Almost as alluring as free fun fonts are to a blogger, the contagious courtship call of the cicadas reminds me of the only other bug I rather enjoy catching.
If I sit really still and get really quiet, I can still hear her humming. It sounds weird to say it, but I can almost see her, too. In her chair while she read, in her kitchen while she cooked, in the car as she drove, even on the couch while she napped. Grandma Natzke was always humming. I loved that. I loved going to her house when I was little and hearing her hum. I loved visiting her at the retirement center into my adulthood and listening to her hum. It's something that I dearly miss about her now that she's gone.

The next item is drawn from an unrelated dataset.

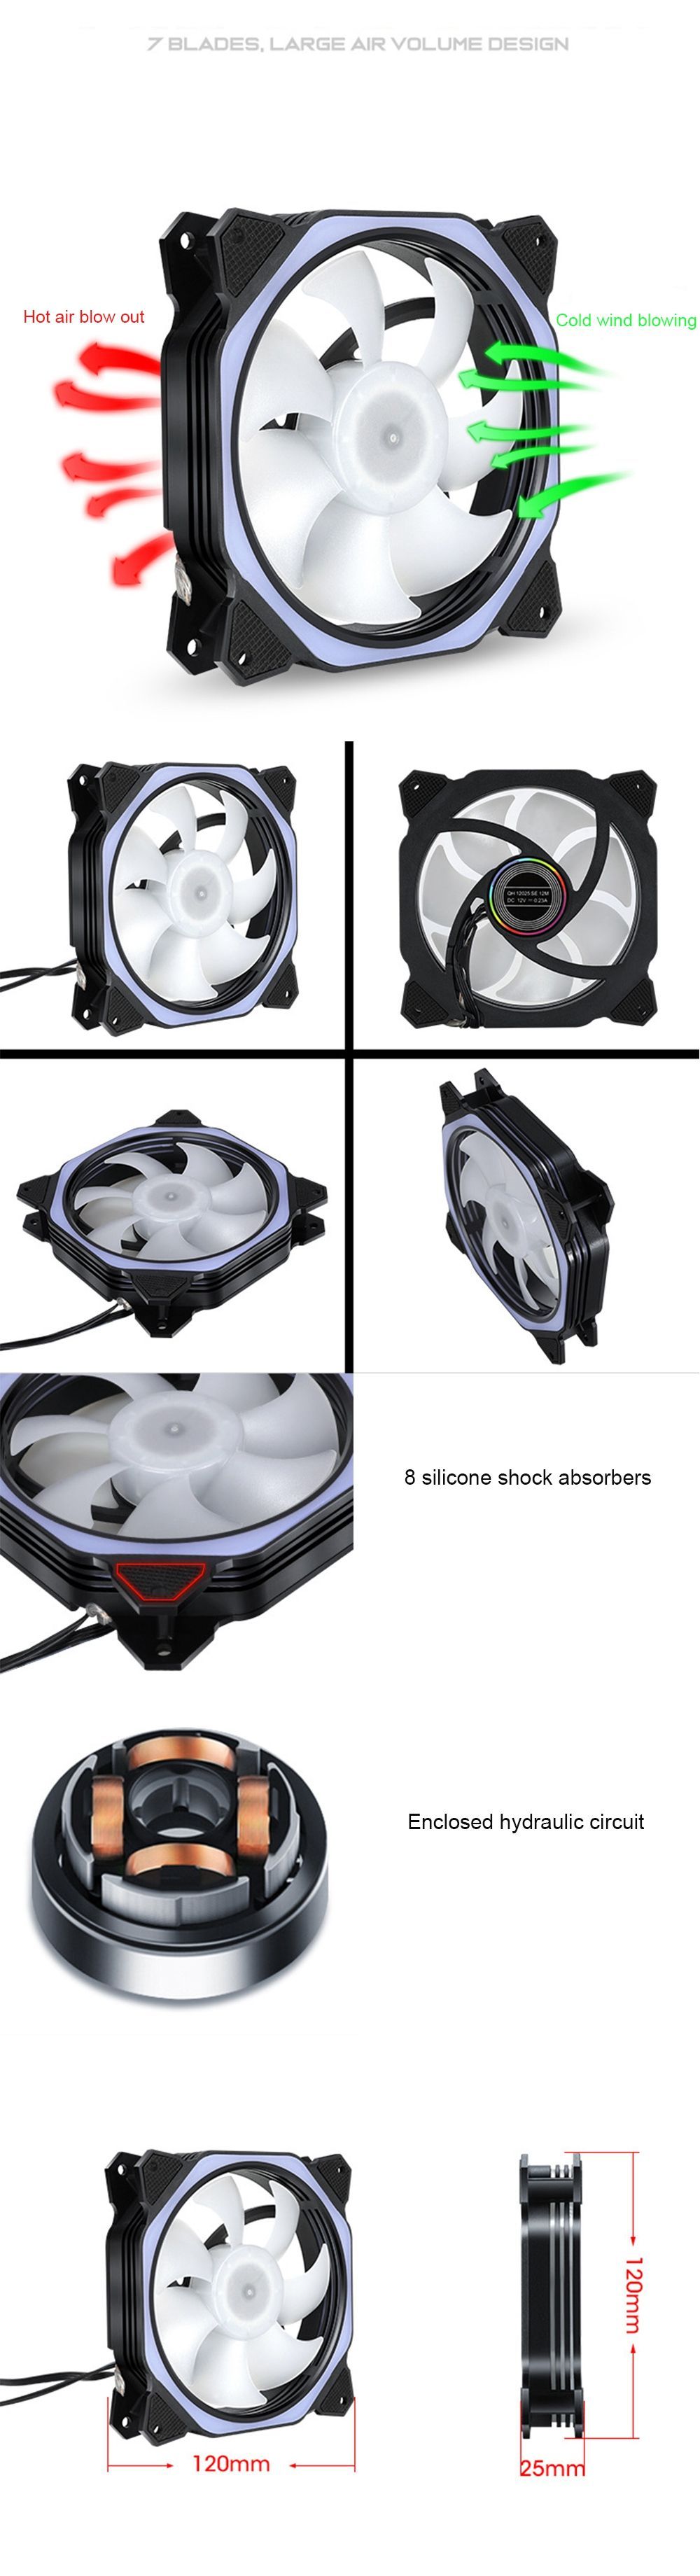 Coolmoon-120mm-Adjustable-RGB-LED-Light-CPU-Cooling-Fan-Mute-Octagon-Computer-PC-Case-Cooling-Fan-1582520

What I've noticed over summer break is that my youngest boy also hums. A lot! I hear him humming at the table as he puts together his 1000-piece puzzles, in his room as he plays his games, in the car as we're traveling. It's so endearing. And it makes me wonder: Are people happy because they hum or do they hum because they're happy? I wasn't sure, so I did a search. I found a 2008 study which was part of the London Zoo's Get People Humming campaign that found 67% of those surveyed hum because they feel on top of the world. Not groundbreaking research, but interesting, I suppose. Whom do you know that's been bitten by the Hum Bug? Do they have a happy disposition?
Other sites reported that we hum for comfort, out of boredom, or even out of fear. According to the Sing and Hum website, humming can even have a healing energy with physical and emotional benefits. What I know for sure is that listening to my son as he hums has a wonderfully cheerful effect on me. It connects me back to my childhood days by sparking treasured memories of Grandma Natzke, a humble soul who must have known about the Hum Bug's contagious quality to calm, comfort and cheer.